I'm trying to prove the following:
Suppose that $\varphi:\mathbb{D}\rightarrow\mathbb{D}$ is an analytic function (where $\mathbb{D}$ is the open unit disk) with the property that $f\in L_a^{2}(\mathbb{D})$ implies $f\circ\varphi\in L_a^{2}(\mathbb{D})$. Define $C_{\varphi}:L_a^{2}(\mathbb{D})\rightarrow L_a^{2}(\mathbb{D})$ by $C_{\varphi}(f)=f\circ\varphi$. Show that the composition operator $C_{\varphi}$ is a bounded linear operator on $L_a^{2}(\mathbb{D})$.
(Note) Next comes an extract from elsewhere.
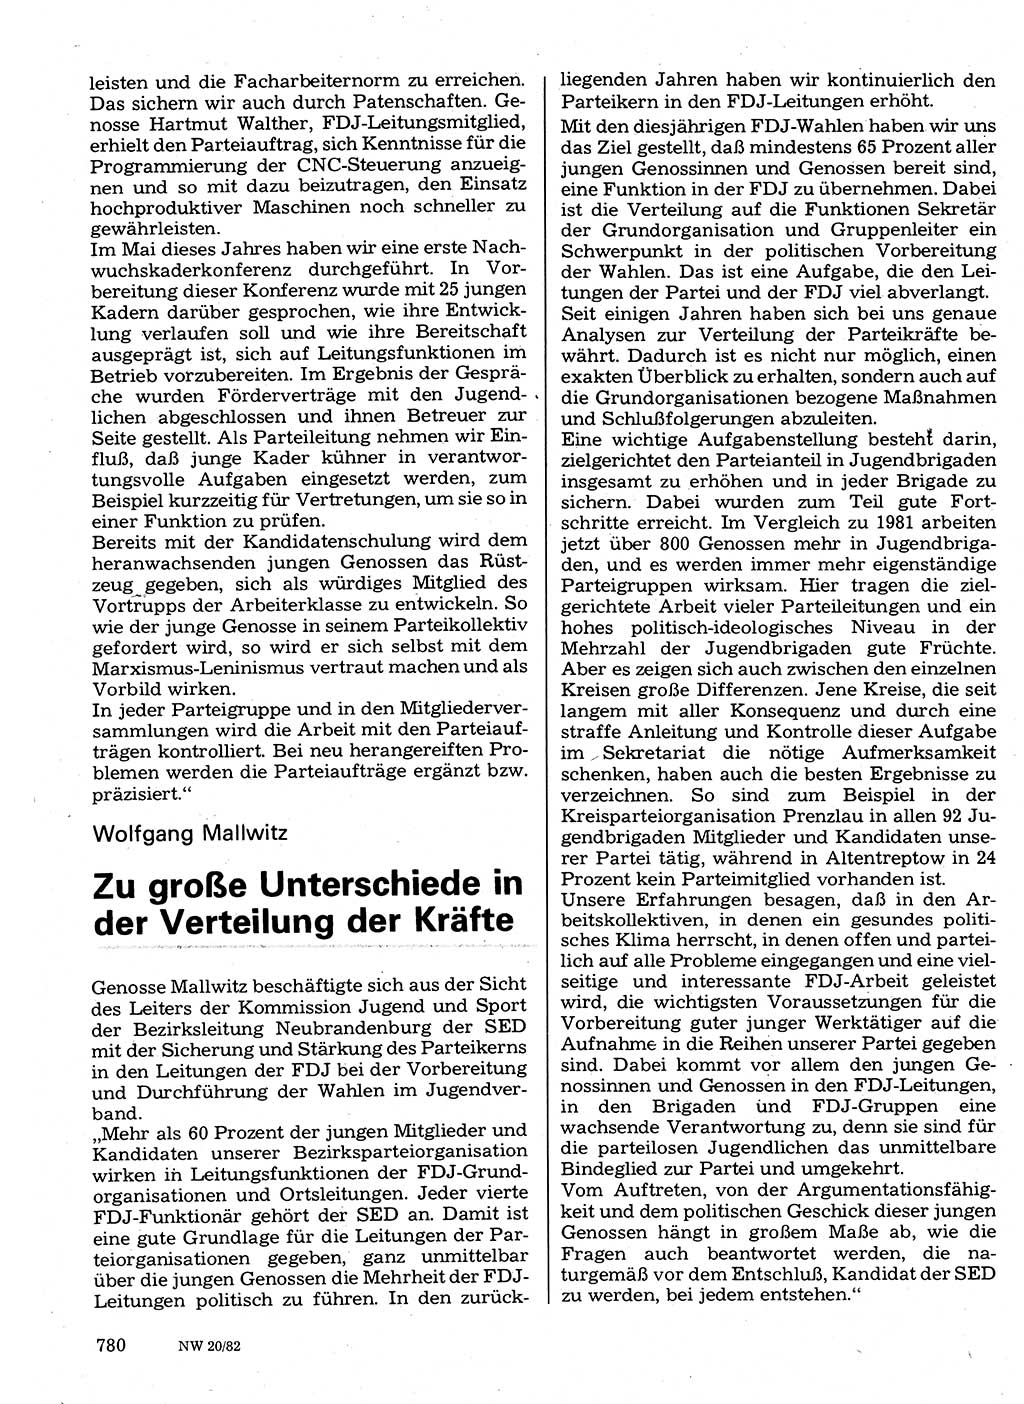 Neuer Weg (NW), Organ des Zentralkomitees (ZK) der SED (Sozialistische Einheitspartei Deutschlands) für Fragen des Parteilebens, 37. Jahrgang [Deutsche Demokratische Republik (DDR)] 1982, Seite 780 (NW ZK SED DDR 1982, S. 780)

Theorem 2.1.1 of this paper shows a similar proof of general measure space, and also this MSE post is similar but in $[0,1]$ instead of $\mathbb{D}$. However, I was not able to fully figure out how to find the proof of the above statement. How does one prove this?
Best Answer
Assuming that $L^2_a(\mathbb{D})$ is the Bergman space, i.e. $$\{f:\mathbb{D}\to\mathbb{C}\vert f\text{ is holomorphic and }\int_\mathbb{D}|f(z)|^2dA<\infty\} $$ then this is a direct consequence of the closed graph theorem. We have that $L^2_a(\mathbb{D})$ is complete, so in order to show that the well-defined linear operator $C_\varphi$ is bounded, we can apply the closed graph theorem.
Here is the standard application: Let $\{f_n\}\subset L^2_a(\mathbb{D})$ be a sequence with $f_n\to0$ and assume that $C_\varphi(f_n)\to g\in L^2_a(\mathbb{D})$. If we can show that $g=0$, then we will have that $C_\varphi$ is continuous.
Note that since $C_\varphi(f_n)\to g$ in $L^2$-norm, there exists a subsequence $\{C_\varphi(f_{n_k})\}$ that converges pointiwse (almost everywhere, but these are all continuous, hence everywhere) to $g$, so $$g(z)=\lim_{k\to\infty}f_{n_k}\circ\varphi(z)$$ for all $z\in\mathbb{D}$. But since $f_n\to0$ in $L^2$ norm we also have that $f_{n_k}\to0$ in $L^2$ norm, so there exists a further subsequence $f_{n_{k_j}}$ that converges almost everywhere to $0$ (which again, since everything here is continuous is the same as "everywhere"), so $$\lim_{j\to\infty}f_{n_{k_j}}(w)=0$$ for all $w\in\mathbb{D}$. In particular, for $w=\varphi(z)$ we have that $$\lim_{j\to\infty}f_{n_{k_j}}(\varphi(z))=0$$ but $\{f_{n_{k_j}}(\varphi(z))\}$ is a subsequence of $\{f_{n_k}(\varphi(z))\}$ which converges to $g(z)$. Therefore $\{f_{n_{k_j}}(\varphi(z))\}$ also converges to $g(z)$, and this shows that $g(z)=0$. As $z$ was arbitrary, this shows that $g=0$.
By the closed graph theorem, we can conclude that $C_\varphi$ is a bounded operator.